* _WORK REQUEST_: With the pictures removed, please write out every line below exactly as given.

* _SUPPLIED DATA_:
....................

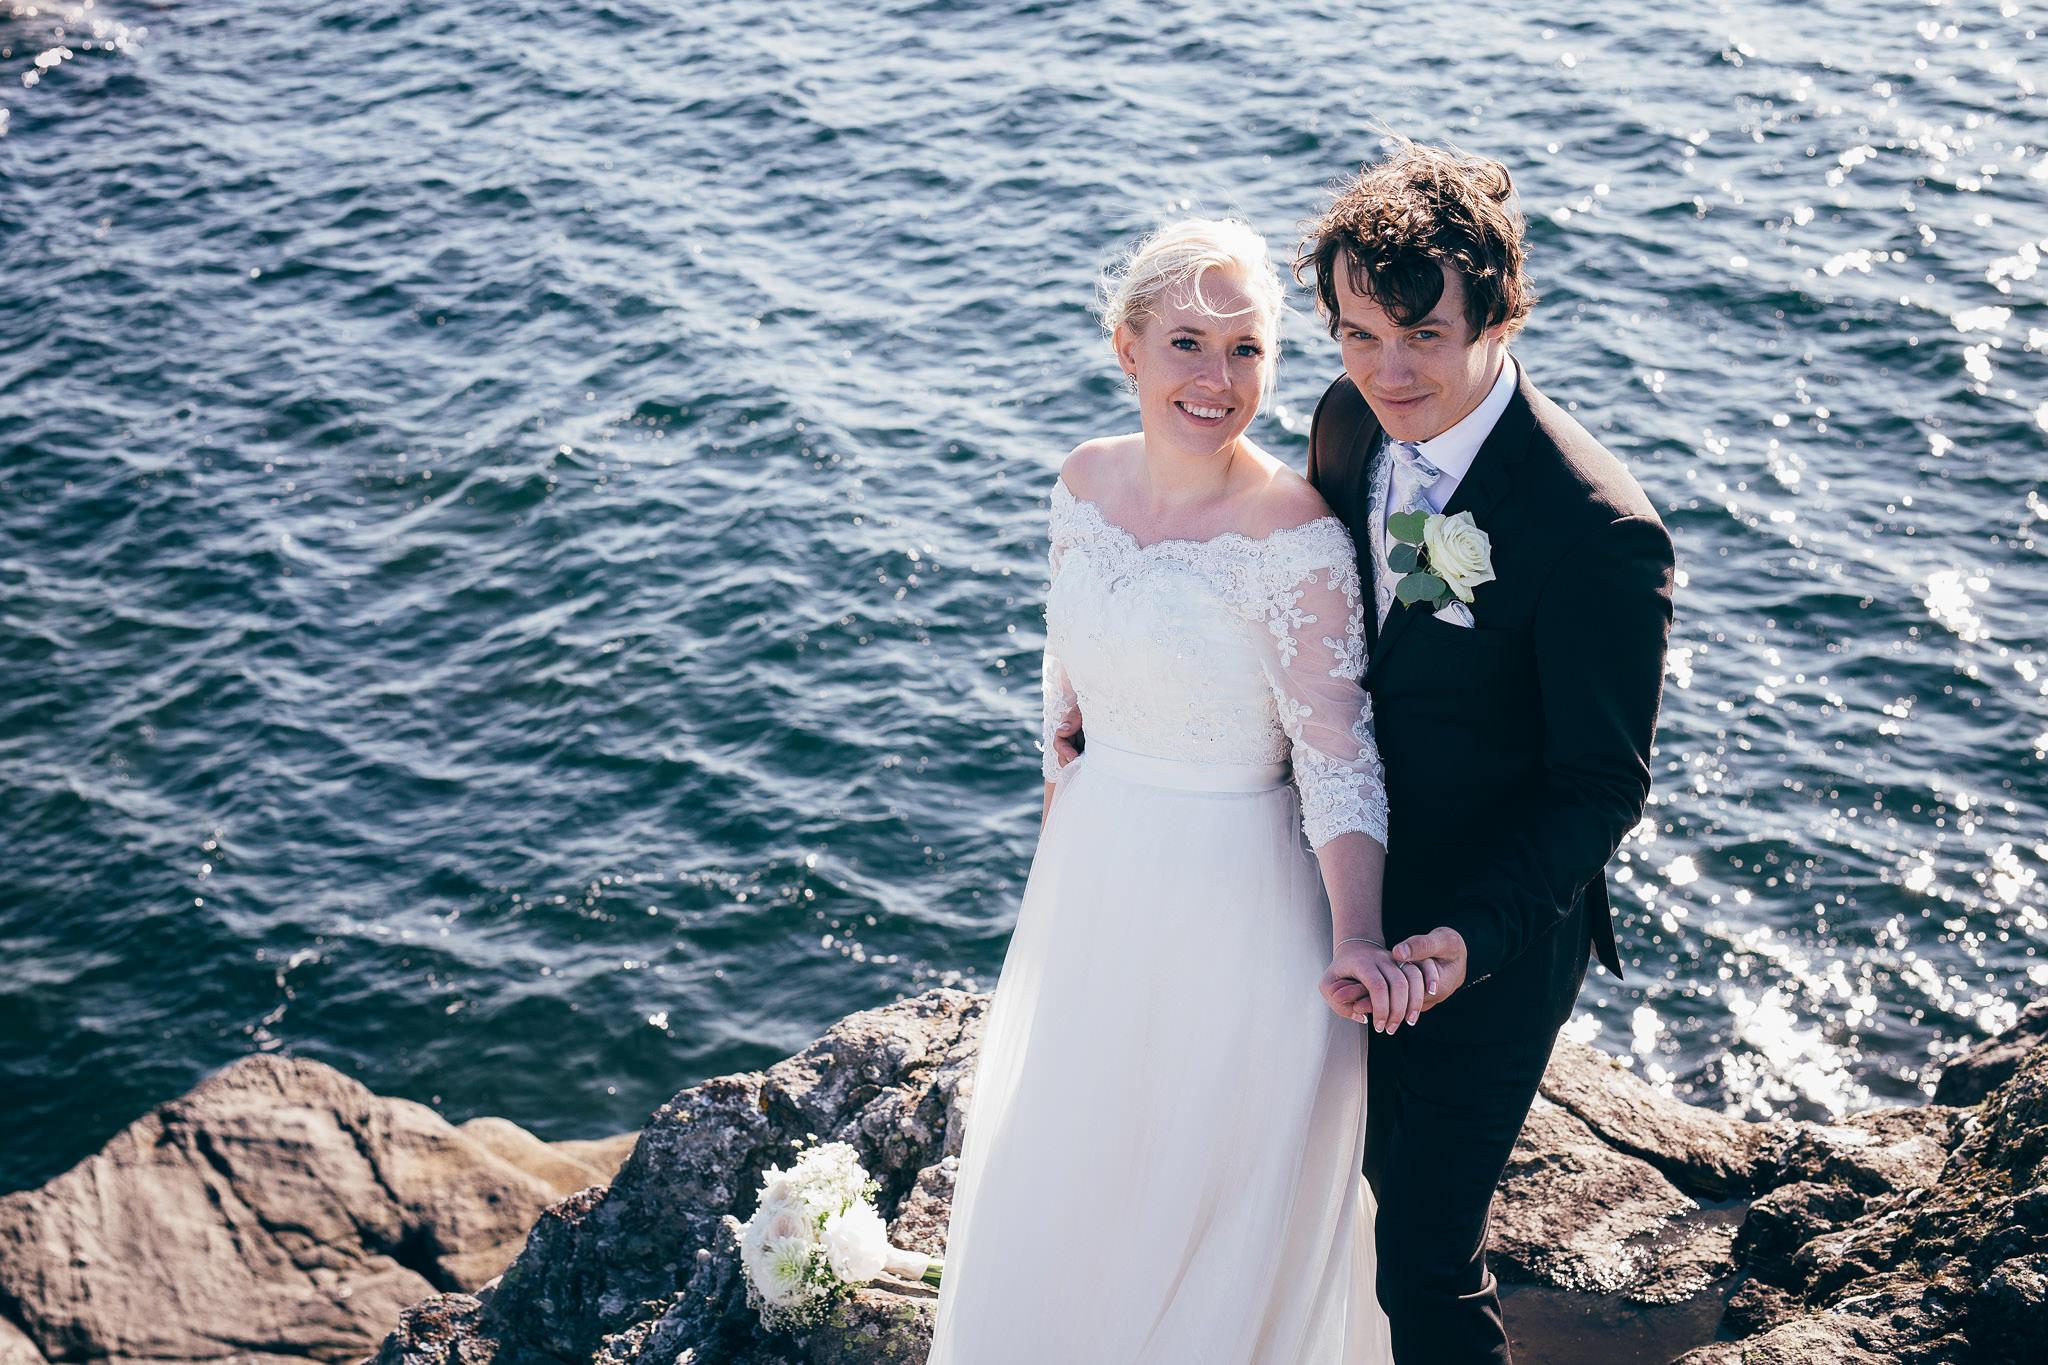 Wedding+Photographer+Norway+Bryllupsfotograf+Casey+Arneson+JT-125.jpg
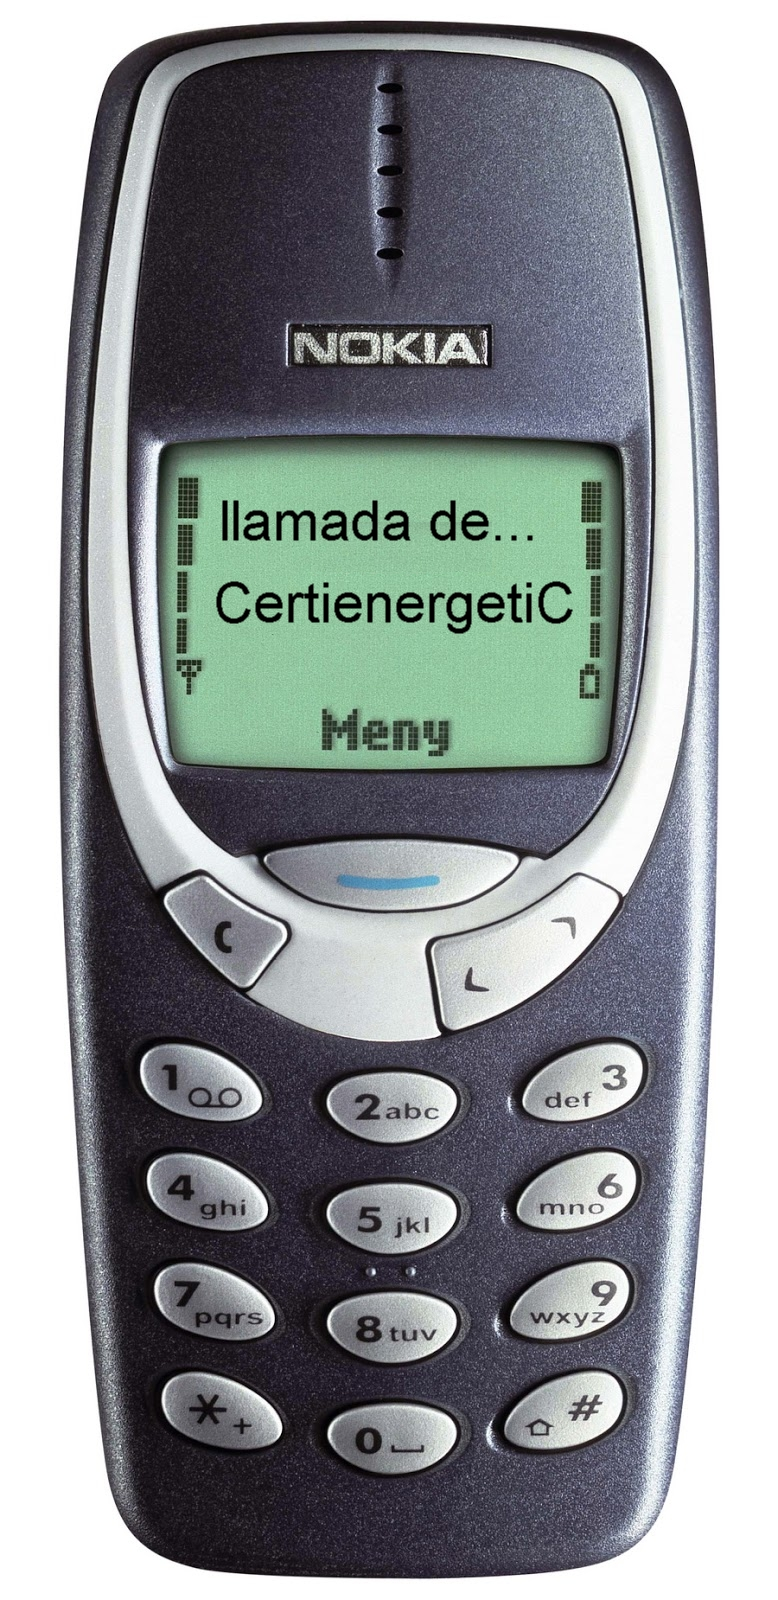 CertienergetiC Nokia2
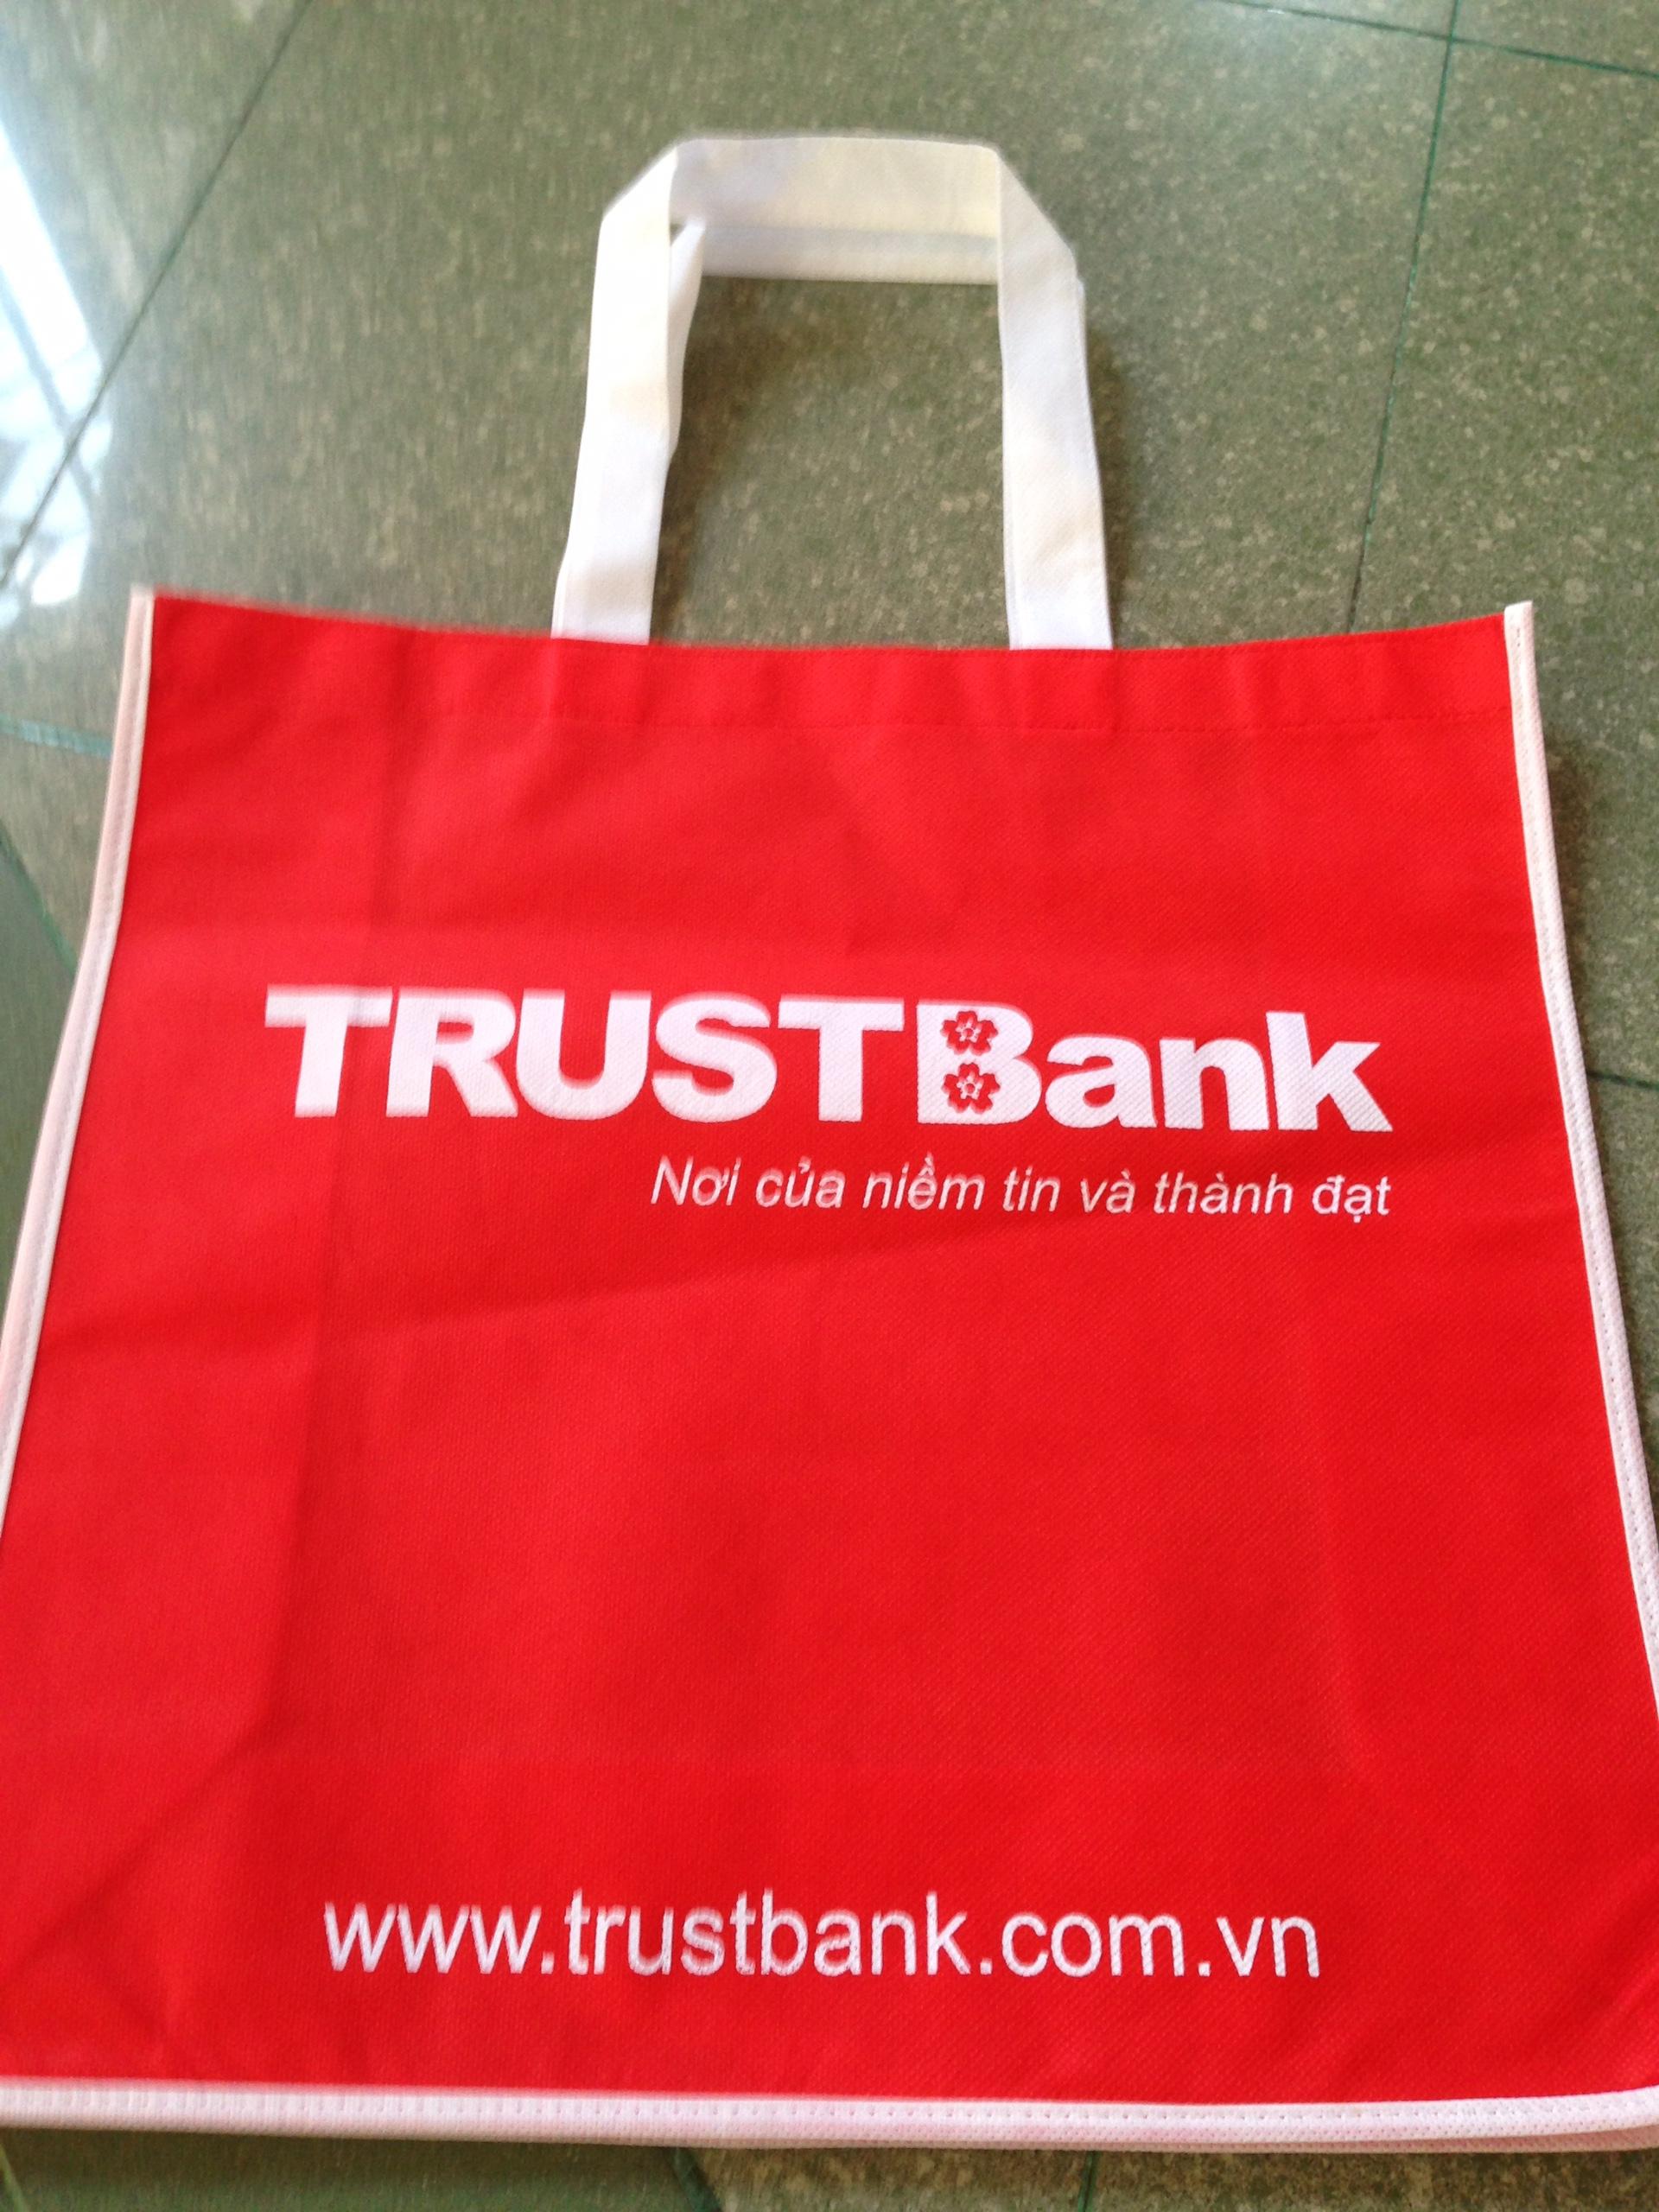 tui-vai-khong-det-mau-trustbank

....................

* _ANSWER BOX_:
 Wedding+Photographer+Norway+Bryllupsfotograf+Casey+Arneson+JT-125.jpg
 CertienergetiC Nokia2
 tui-vai-khong-det-mau-trustbank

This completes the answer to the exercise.